Allen, please make sure you find a way to vote, and please vote Republican. If the USPS is closed at that time… :roll, make that little trip to the voting booth on Nov 3rd - IF there is actually an election in progress on that day. And make sure the voting machine is not market “Property of Russia” …

Enjoy the democratic process “a la Republican”:innocent:

Here is another article on the big cities: NYC is dead forever…Here’s why. This is the first section, but each is better and shows he understands the dynamicL

"I love NYC. When I first moved to NYC, it was a dream come true. Every corner was like a theater production happening right in front of me. So much personality, so many stories.

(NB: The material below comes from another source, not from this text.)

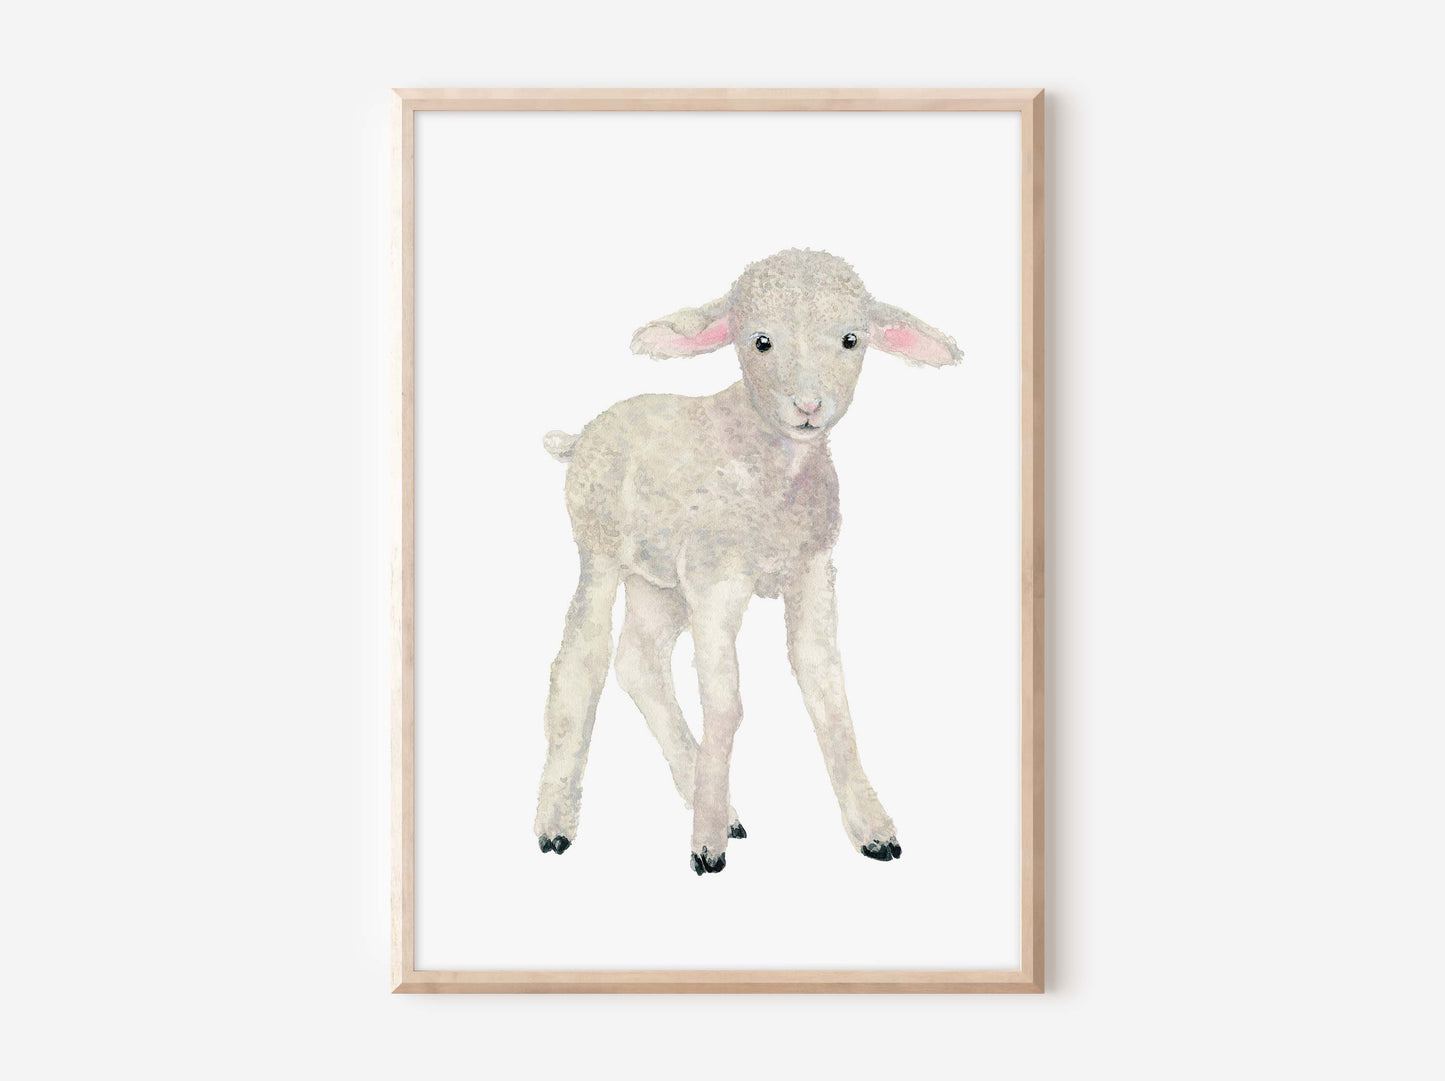 a white sheep with a pink ear standing in front of a white wall

Every subculture I loved was in NYC. I could play chess all day and night. I could go to comedy clubs. I could start any type of business. I could meet people. I had family, friends, opportunities. No matter what happened to me, NYC was a net I could fall back on and bounce back up.

Now it’s completely dead.

“But NYC always always bounces back.” No. Not this time.

“But NYC is the center of the financial universe. Opportunities will flourish here again.” Not this time.

“NYC has experienced worse.” No it hasn’t.

A Facebook group formed a few weeks ago that was for people who were planning a move and wanted others to talk to and ask advice from. Within two or three days it had about 10,000 members.

Every day I see more and more posts, “I’ve been in NYC forever but I guess this time I have to say goodbye.” Every single day I see those posts. I’ve been screenshotting them for my scrapbook.

Three of the most important reasons to move to NYC:

  • Business opportunities
  • Culture
  • Food

And, of course, friends. But if everything I say below is even 1/10 of what I think, then there won’t be as many opportunities to make friends"

By James Altucher.

It seems so prescient. He could be wrong, but my view from Hammand with the flood from Chicago, makes me think he is right. Our cities will never be the same.